Even if he handles a dry track, the question of the competition there and the pre-Derby layoff will follow Barbaro to Louisville. That's fine with Matz.
"If it comes up weak and we're lucky enough to win the race, I feel it's even better,'' he said. "We're going to have a fresh horse, and we didn't have to travel around. We'll go up to Churchill Downs and hopefully he can keep his winning days going."
Besides the Florida Derby, I'll try to cash on three other stakes on Gulfstream's dynamite card.
Last week: With a $10 win bet on each of my three picks, you would have broken even, and free action is almost as good as winning.
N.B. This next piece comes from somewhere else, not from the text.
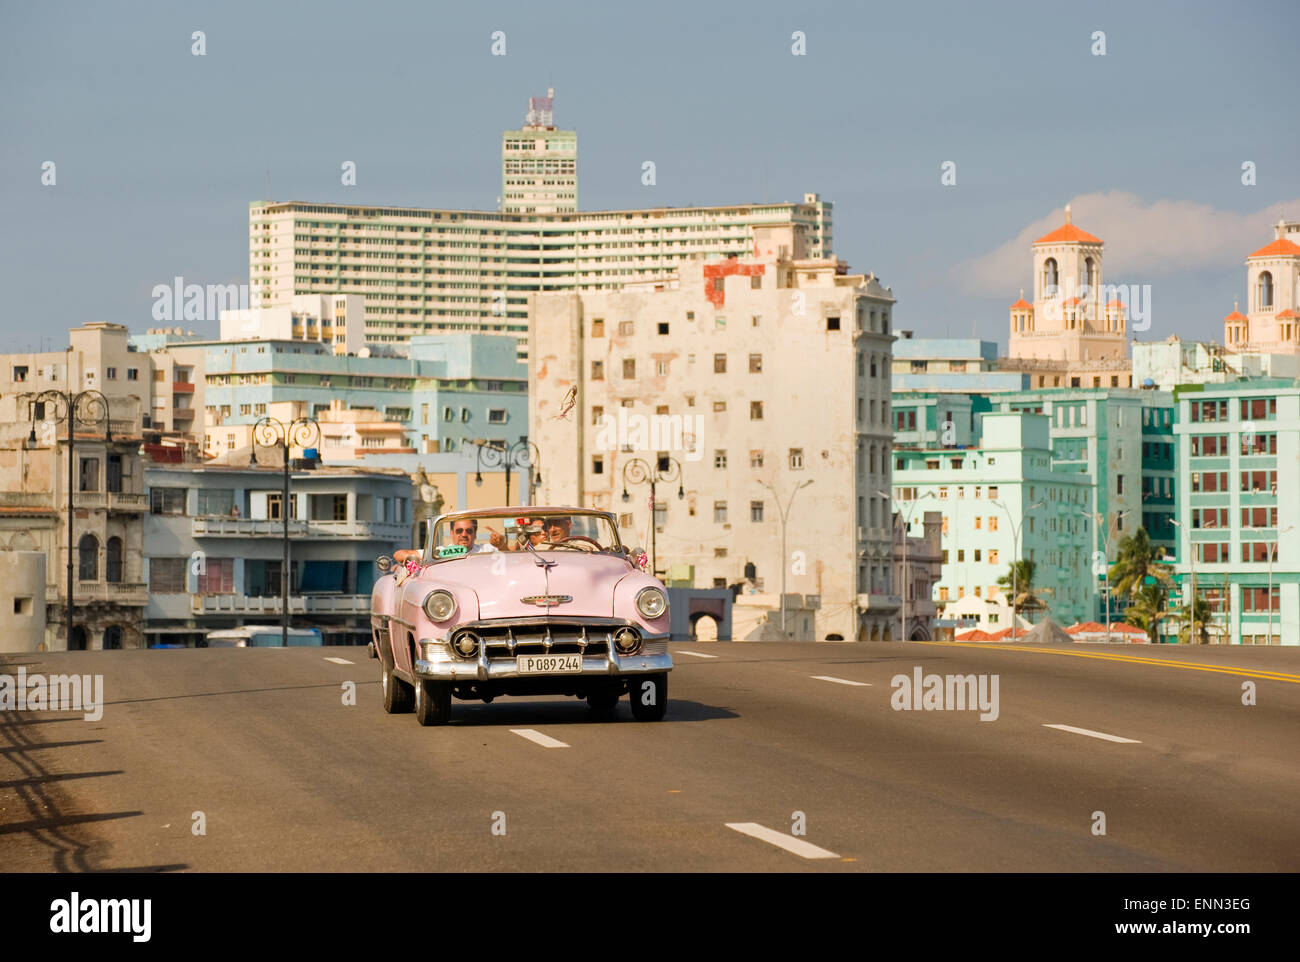 Una vecchia vettura americana, ora utilizzato come un taxi, a l'Avana, Cuba Foto Stock

Sabatini and Laity did nothing in stakes for 3-year-olds at Turfway Park, but Take The Ribbon ($6) broke his maiden at Santa Anita.
8th race, Grade III Orchid Handicap (1 1/2 miles, turf)
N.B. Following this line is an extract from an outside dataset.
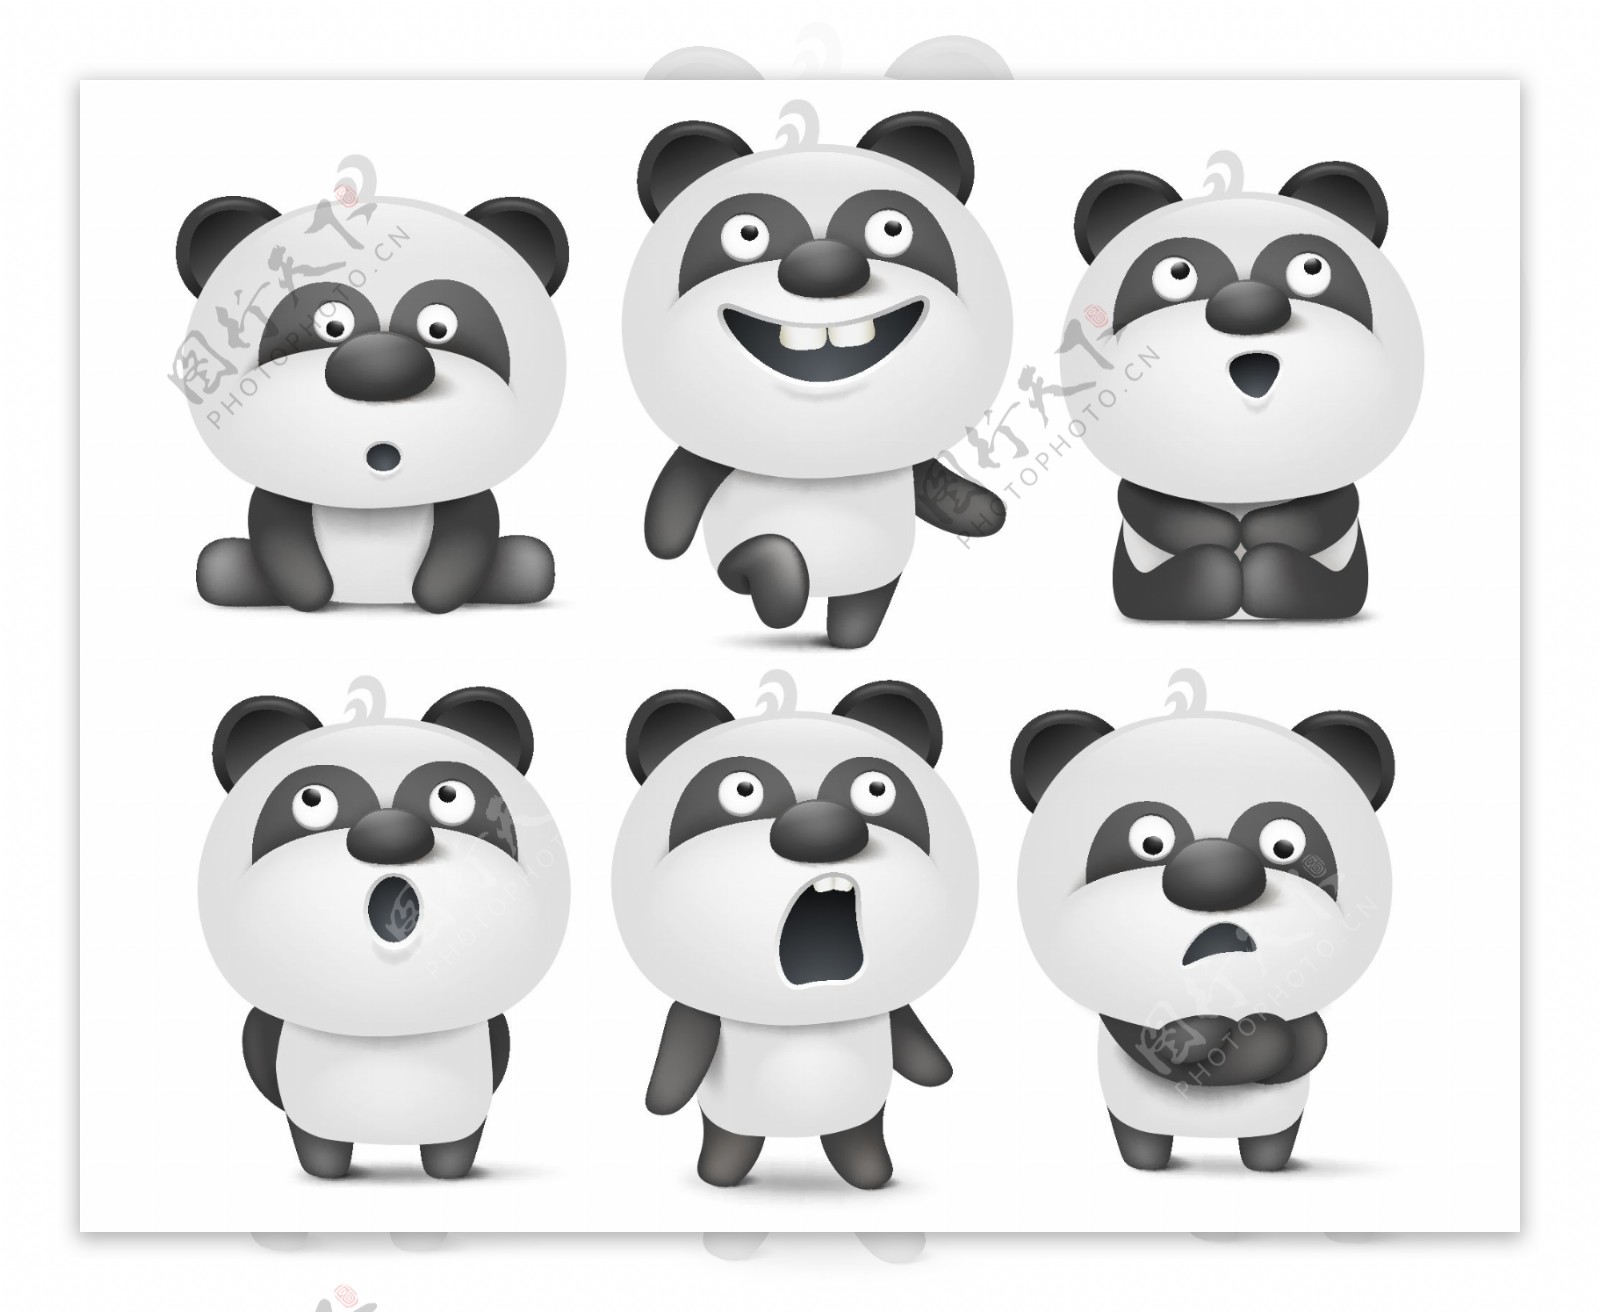 黑色卡通可爱大熊猫表情包

Marathon specialist Honey Ryder won the Orchid last year and she had an excellent tightener four weeks ago when third at 1 1/16 miles, a distance far short of her best, in her 2006 debut. Honey Ryder is 5-for-8 in her last eight tries from 1? to 1? miles, never finishing more than three lengths behind. Dynamite Lass and Olaya should chase her home.
1.Honey Ryder 2. Dynamite Lass 3. Olaya
10th race, Grade III Pan American Handicap (1 1/2 miles, turf)
Go Deputy's late rally just fell short at 1 7/16 miles after Einstein walked on the lead and lasted on a yielding Gulfstream course. Einstein won't be allowed to set a ridiculously slow pace this time, and Go Deputy should get all the money.
1. Go Deputy 2. Silver Whistle 3. Einstein
12th race, Grade I Florida Derby (1 1/8 miles)
At short odds from post 10, the unbeaten Barbaro is no bargain, but I can't find anyone else I want to bet on. The speedy Flashy Bull ran a solid, troubled third behind the disqualified Corinthian and First Samurai, but Flashy Bull is only 1-for-8 lifetime, which inspires little confidence. Saint Augustus, from Todd Pletcher's endless assembly line of well-bred 3-year-olds, was far back in his only two graded stakes but could hit the board. Gifted sprinter Sharp Humor should ensure a fast pace in his two-turn debut.
1. Barbaro 2. Flashy Bull 3. Saint Augustus
13th race, Lure Stakes (1 Mile, turf)
Drum Major had no chance in a troubled trip from post 11 last time after being shipped to Santa Anita for the Grade I Kilroe mile. He drops significantly in class, draws post 3 and gets turf standout Rafael Bejarano, who has won on him. Drum Major is the best finisher in the field and there should be enough pace to make his late run count. One nagging question, though: Why no workouts since late February? I rarely if ever play horses showing no recent works, but this time I'll break that rule. Maybe George Weaver has been using long gallops to get Drum Major ready, and I'll give this underrated young trainer the benefit of the doubt. Rebel Rebel and Saint Stephen are the main threats.